If it's just a matter of getting one, you can choose to put the above attribute after the Remove the s letter That is, as follows

soup.li.previous_sibling # Get the previous sibling node
 soup.li.next_sibling # Get the next sibling node

3.A more advanced use of the bs library

In the front we can get the label of name、 properties、 Content and all of Grandchildren Tags。 however be When we need to get any of the specified properties tagged with also be It's a little difficult. of So..., At this point there is the following method:

soup.find_all( name , attrs , recursive , text , **kwargs )
  • name: Need to get tagged with first name
  • attrs: Receive a dictionary for the keys of the property, or just replace it with a keyword argument, as follows
  • recursive: Set whether to search for direct child nodes
  • text: Corresponding string content
  • limit: Set the number of searches

1) First use the name parameter to search

 # Use the name parameter first
print(soup.find_all('li'))  #  Return a list, all of li tag name
 # Results
[<li class="">
<a data-moreurl-dict='{"from":"top-nav-click-main","uid":"0"}' href="https://www.douban.com" target="_blank"> Douban, PRC social networking website</a>
</li>, <li class="on">
...

Here we get all tags with the nameli tagged with

2) Use name and attrs parameters

 # Use name and attrs parameters
print(soup.find_all('div', {'class': 'more-meta'}))  #  This one screens the last one, Property parameter fill of be A dictionary type of
 # Results
[<div class="more-meta">
<h4 class="title">
                   stab
                </h4>
...

Here a search was conducted with the propertyclass='more-meta' ofdiv label

3) Search by keyword parameters

 # The same can be done for related properties
print(soup.find_all(class_='more-meta'))  #  Using keyword parameters, owing toclass bepython Keywords.
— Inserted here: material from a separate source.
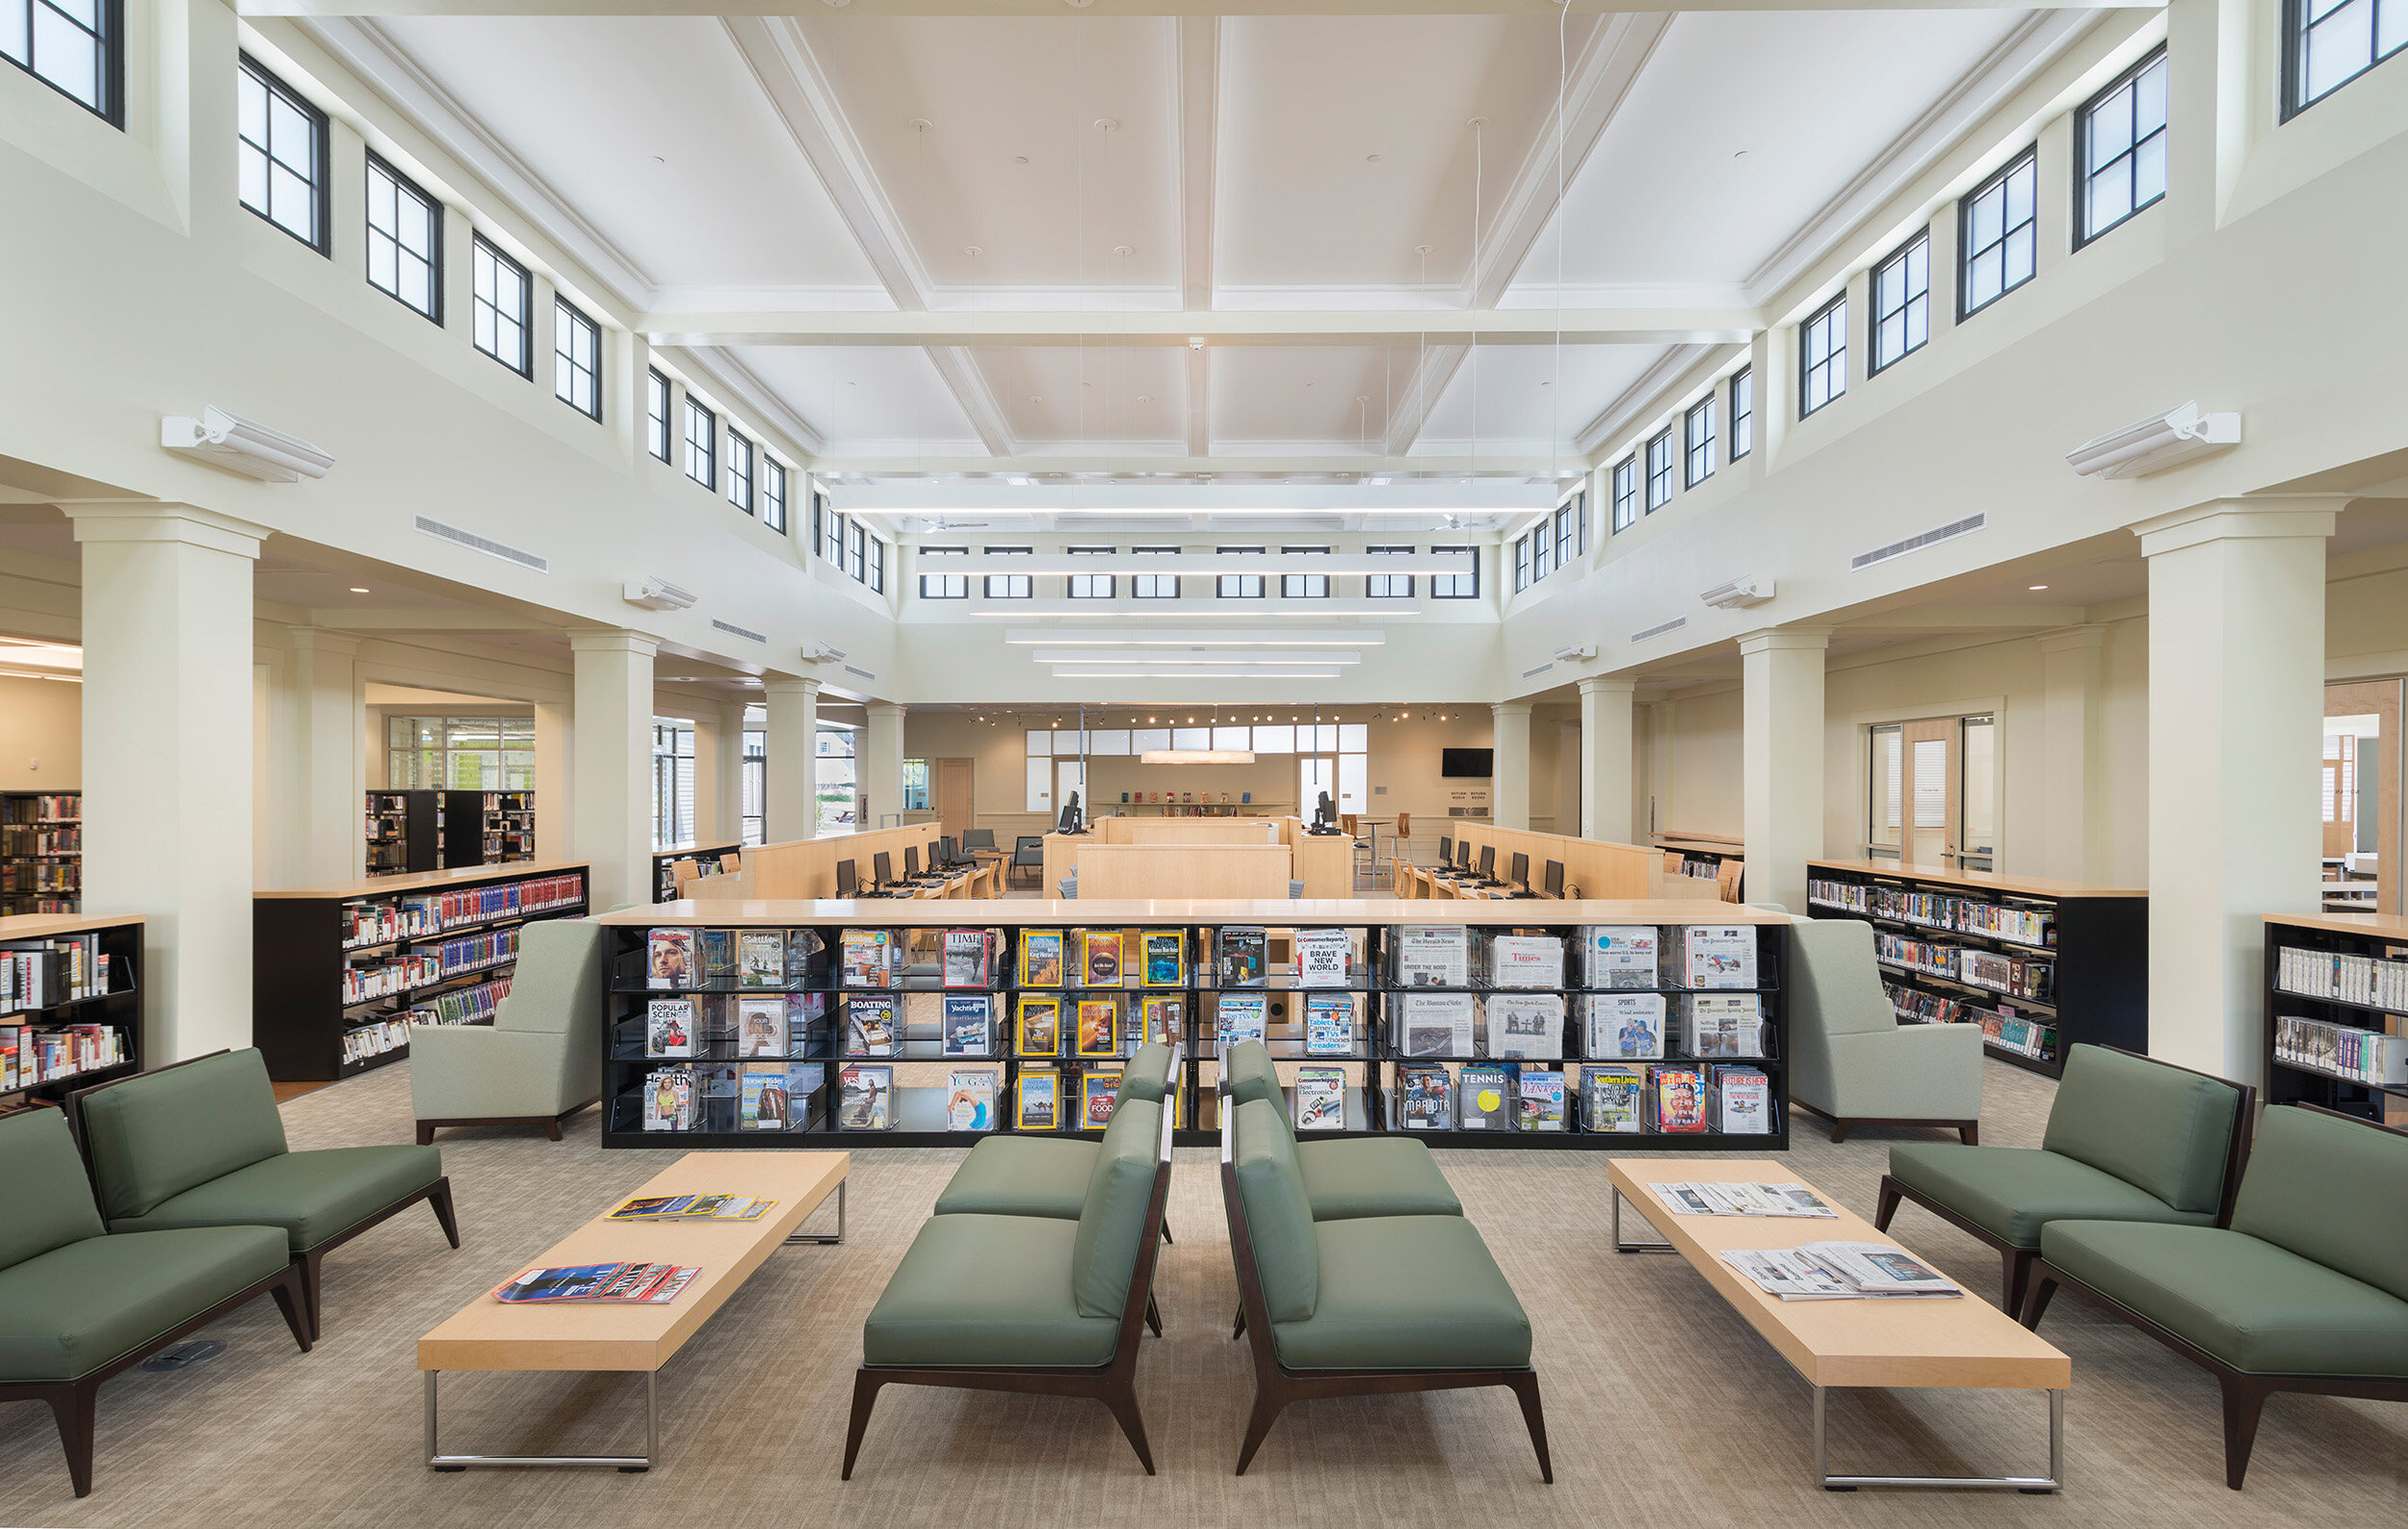  Tiverton Public Library  Union Studio

So... Keyword parameters need to be distinguished by adding an extra underscore
 # Results
 Same result as above
...

Note here that we look for theclass attributes aremore-meta tagged with , which uses the keyword argument, but python has the class keyword in it, so in order not to make syntax errors, you need to add the class with an underscore

Other parameters of the will not be introduced, you can go to the official website to see for yourself

4) find() method

This method is similar to thefind_all() Same method., Only this method only be Just look up a tag, the latter be Find all eligible tagged with。

There are many similar methods, the usage is similar, so I won't demonstrate one by one, you can check the official website if you need

5) select() method

This method uses a css selector to filter the tags.

css selector: is to select a tag based on its name, id and class attributes.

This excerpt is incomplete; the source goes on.